[[ Available data, beginning ]]

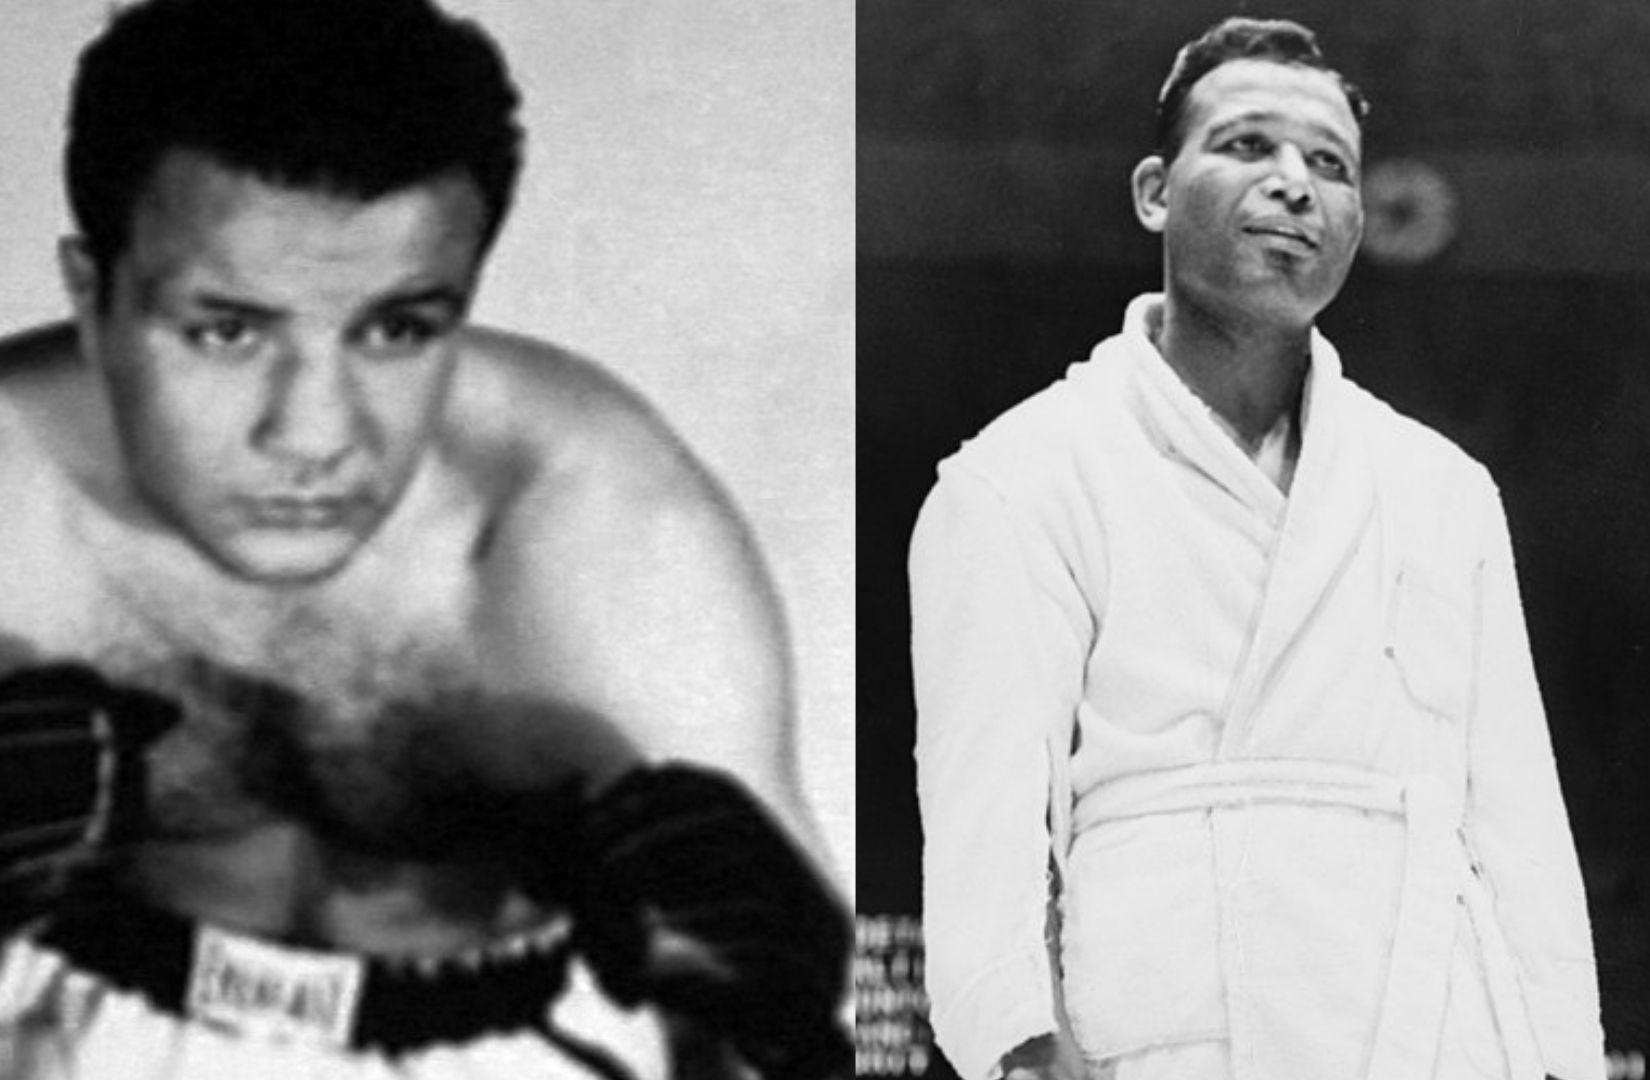 Robert Lowry greift in Tag Fremder Elemente aus dem Leben der Boxer Jake LaMotta und Sugar Ray Robinson auf. (Illustration: Neue Debatte)
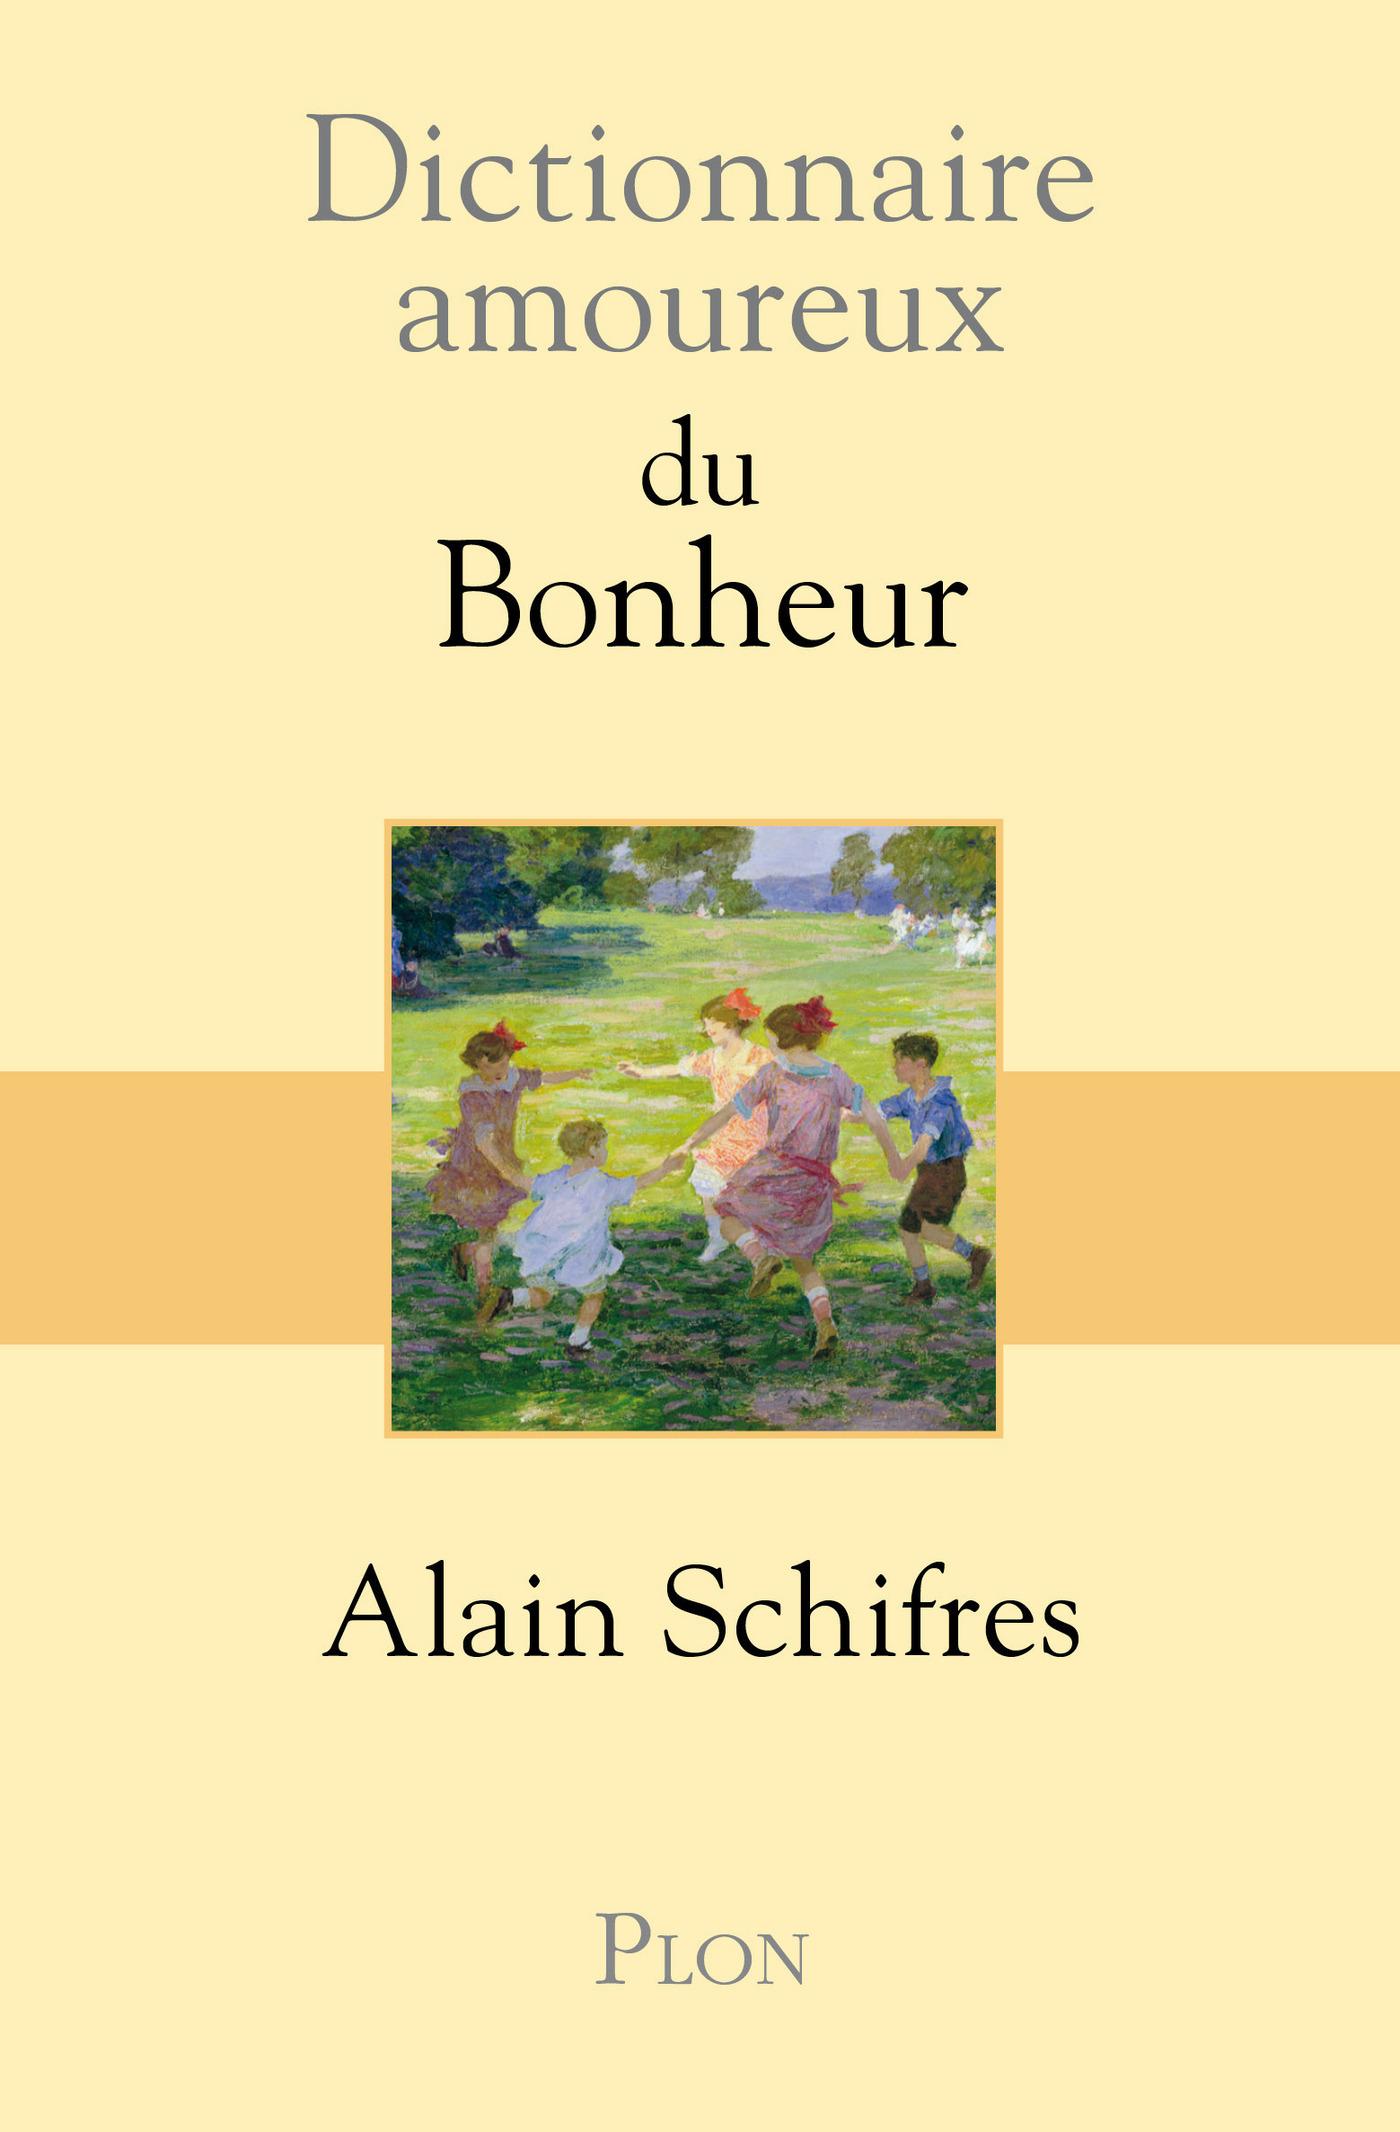 Dictionnaire amoureux du Bonheur
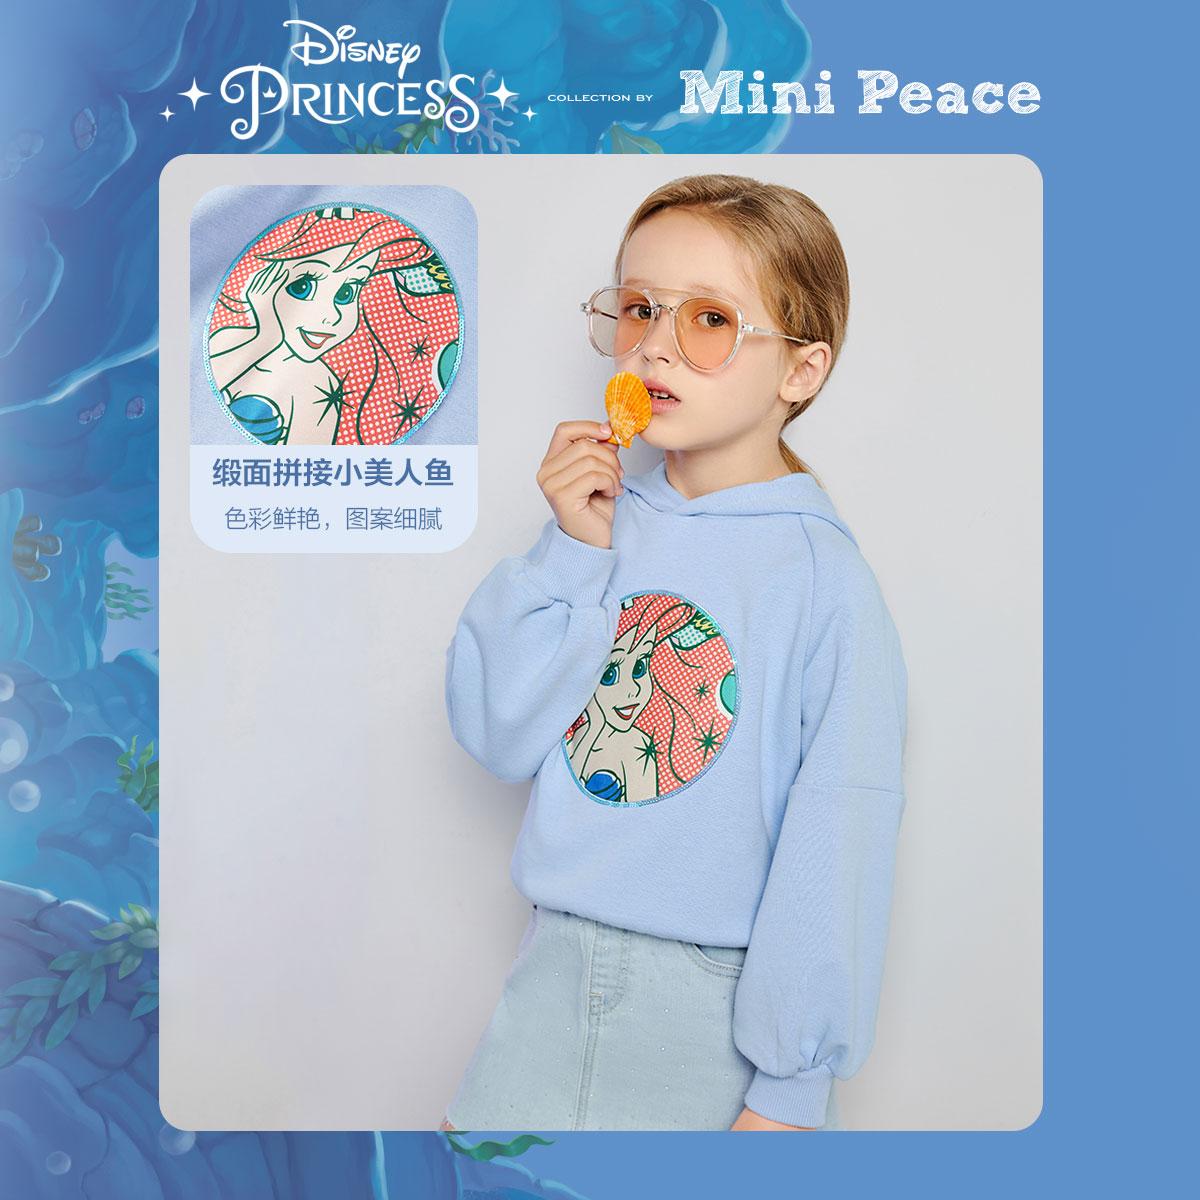 minipeace太平鸟童装女童套头连帽淡蓝色洋气卫衣美人鱼贴花设计,降价幅度41.8%

[[ Available data, end ]]

Work item »
None of the pictures belong in the copy; repeat all other material exactly.

Reply to the exercise »
 Robert Lowry greift in Tag Fremder Elemente aus dem Leben der Boxer Jake LaMotta und Sugar Ray Robinson auf. (Illustration: Neue Debatte)
 Dictionnaire amoureux du Bonheur
 minipeace太平鸟童装女童套头连帽淡蓝色洋气卫衣美人鱼贴花设计,降价幅度41.8%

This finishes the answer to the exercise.